Money vs Joy: Hard Truths

Some people on Steemit just want to be read, and see money as a nice side perk; others are here 100% to try to cash in. Either way, everyone is here at least to some small degree to make money. So it seems to me that this is the perfect platform to discuss the real value of money, and especially the accumulation of wealth.

scrooge

I mentioned in my intro post that I used to work at Honda. The company treats its employees very well. I made over $40k with raises and bonuses every year, and there were also great insurance and retirement benefits. Yeah, yeah, good for me, right? But after two years, I quit.

Like many life philosophies, the cliché "money can't buy happiness" is something people say to children, then roll their eyes at once those children reach adulthood. Quitting was considered foolish by many people, from my parents to friends my own age. Some older folks at the company took me aside and tried to explain to me how fortunate I had been to have my position at my age and how a stable job is hard to find. Very sensible, yeah?

It wasn't the work -- not mostly, anyway. It was the location. I lived in a town entire states away from people I could connect with. There was nothing but a couple of parks, a cluster of bars, and a few cafes for over 60 miles. If I had stayed with the company, I would have lived in a place like that forever. I would have paid off my student loans quickly and been able to save up money -- but every vacation using that money would have been a desperate escape. Living there was depressing me. Even if I'd had $100k in my bank account, would that have changed that I hated the place I lived, or that I was living for the weekends?

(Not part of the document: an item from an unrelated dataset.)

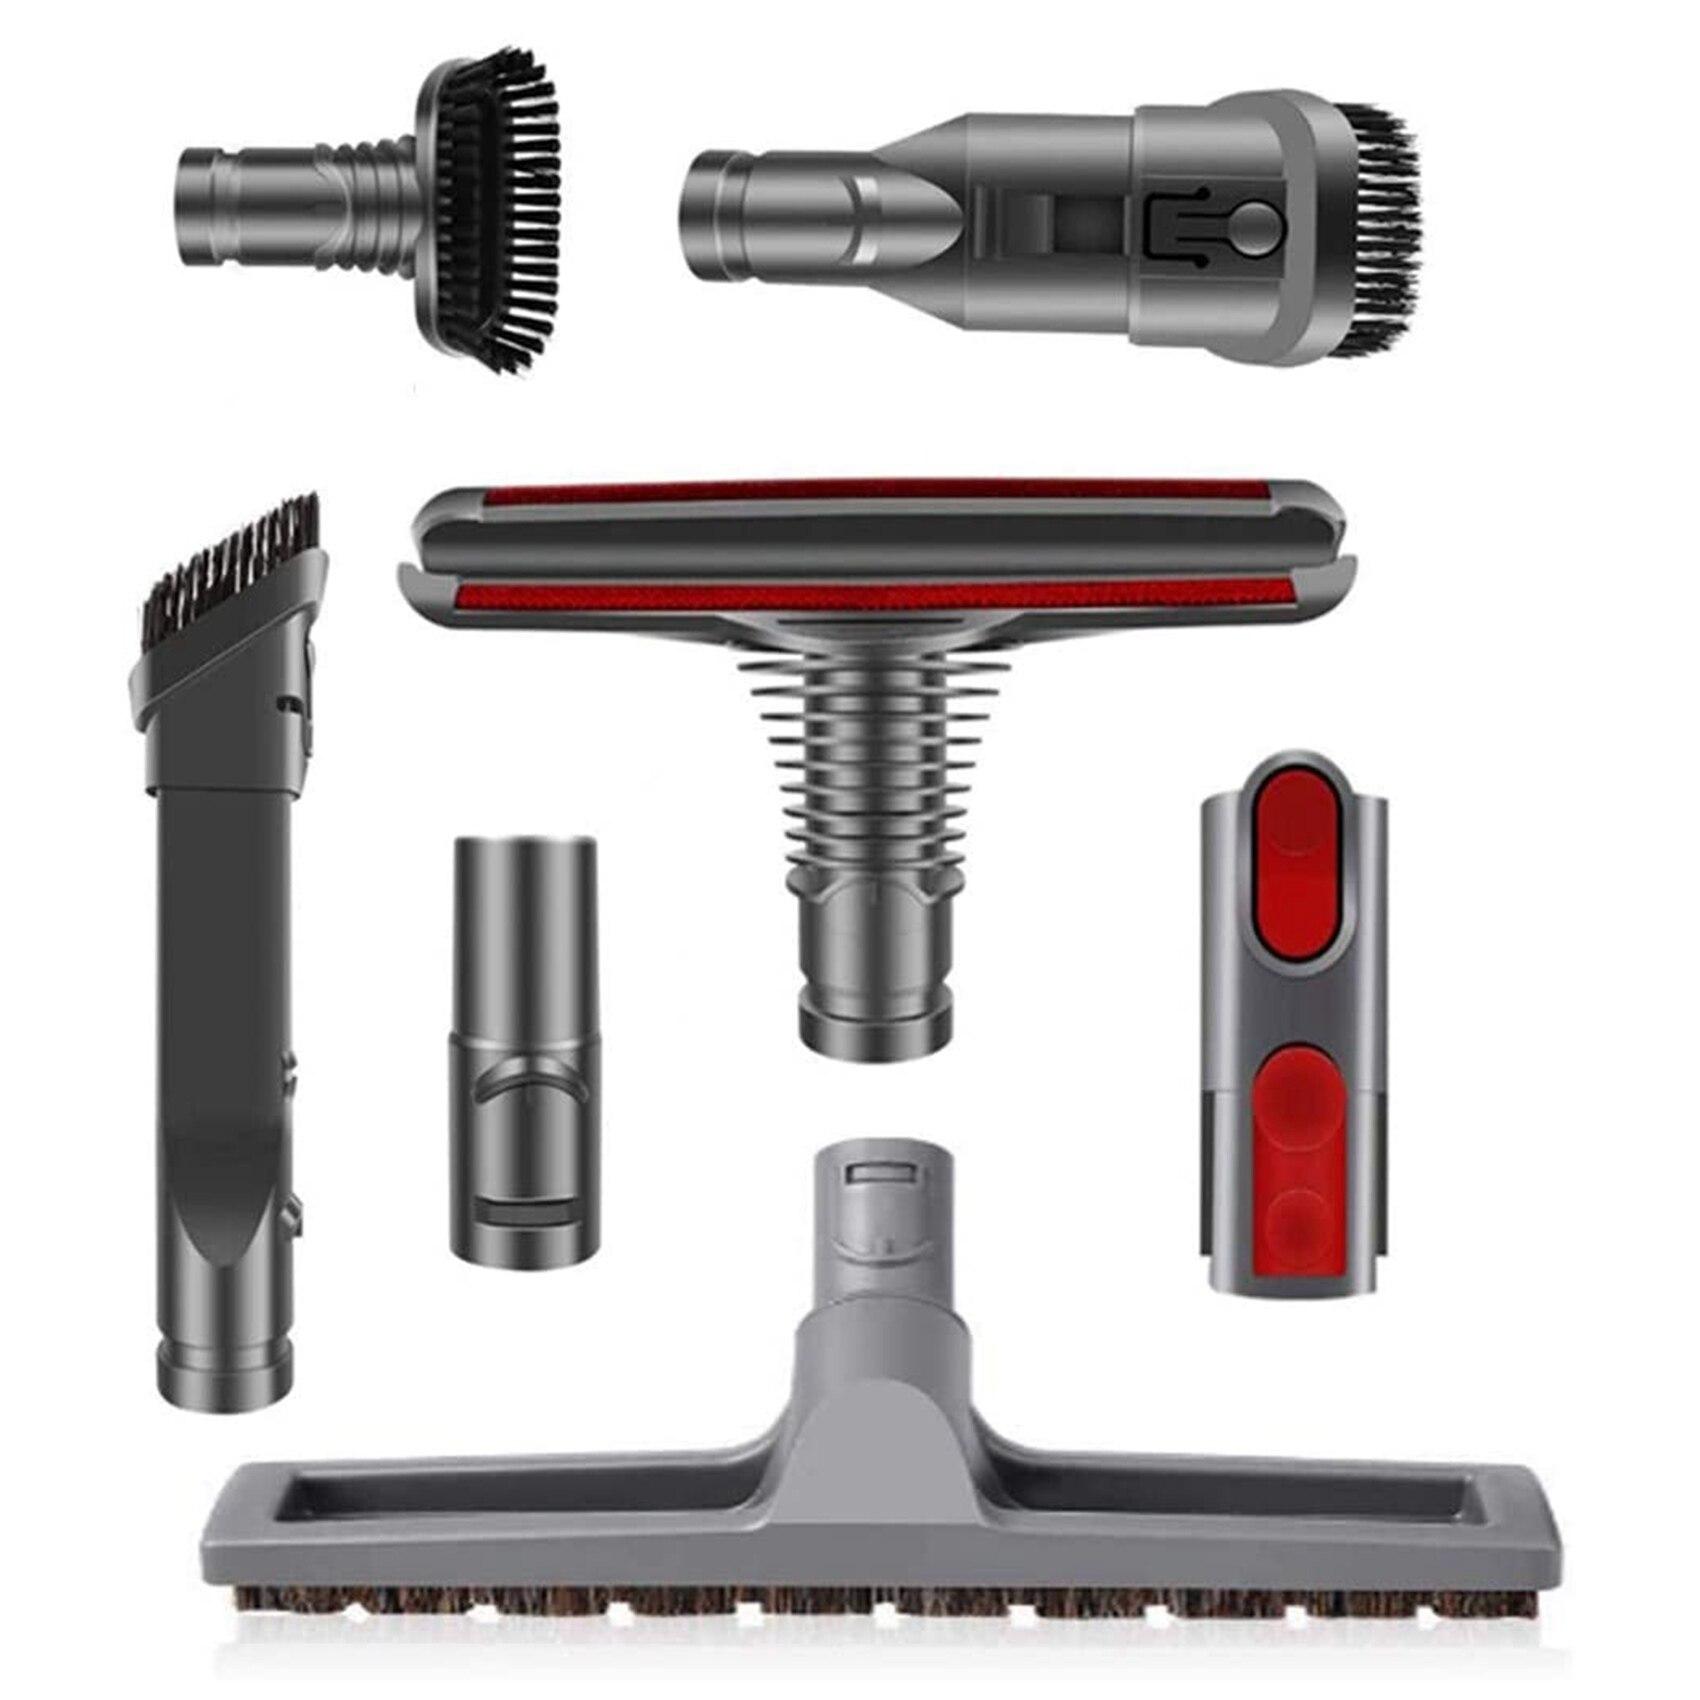 ل دايسون تيار مستمر سلسلة V6 V7 V8 V10 V11 أداة الطابق الصلب و ملحقات مرفق فراغ-مجموعة التنظيف المنزلية

So I left. I put in my notice well ahead of time, sold my things or threw them out at the dump, found a place to stay at my destination, and drove across countless state lines to live where I could be happy.

road

the open road

I struggled to pay rent, working part-time doing door-to-door campaigning while testing the freelance translation waters. After about half a year, I felt confident enough to quit the campaigning and go totally freelance. I'd estimate that I make about half of what I made before. Instead of my own place, I live in a house with multiple other people my age. Nobody's putting money towards my retirement for me. Nobody's paying for insurance for me. On the surface, this was a bad move.

And I feel absolutely no regret.

Here, there are people I connect with, places to go, and things to do. Since I work freelance, I decide when to work, when to wake up, and when to go to sleep. I'm not depressed anymore. I enjoy my life.

Now, I'm not necessarily advocating completely foolhardy moves. I also know that not everyone has these kinds of options. When I quit, I was as careful as I could be. I had plans B and C. But still, I was able to go, I went, and I'm glad.

Too often, we focus on retirement. Everyone constantly asks younger people, what will happen to you in the future? But they don't usually mean ten, twenty years from now. They mean when that person is 60 or older. Live for the weekend, save up money, and at long last, when you're 65 or so, you can enjoy yourself.

The average life expectancy is just shy of 80 in the US, and this advice is given to people in their 20s and 30s. In other words, young people are encouraged to sacrifice at least 30 years of the prime of their life to 20 years as a senior citizen. What's worse, people who haven't enjoyed themselves for 30 years are likely to have all sorts of resentment and unhappiness built up that won't just disappear because they retired. So even if you make it to 70 or older with a fat retirement fund, who's to say whether you can really enjoy it? Is your present self really worth that gamble?

My conclusion is that the best way to enjoy life is to cultivate enjoyment of life, and find the things that will make me happy now. I'm focusing on my perspective, identity, relationships, and skills over material earnings. I'm learning to value walking in a national park over having a fancy dinner. I'm not making a lot of money, but I'm also not making myself unhappy. I'm not ignoring the future, but I also don't intend to run myself into the ground for the majority of my life so that I can gaze at the Eiffel Tower or the melted icecaps of Alaska in my old age. Like this post, I might not make as much money as people who target money alone, but I'm enjoying myself. Maybe back in the 50's, when a family with two kids and a picket fence was the American Dream, all of this sacrifice made sense. And it's been pounded into our heads as the rational way. But now, for many people (not all), doing a job you don't enjoy for good pay is surprisingly and increasingly illogical.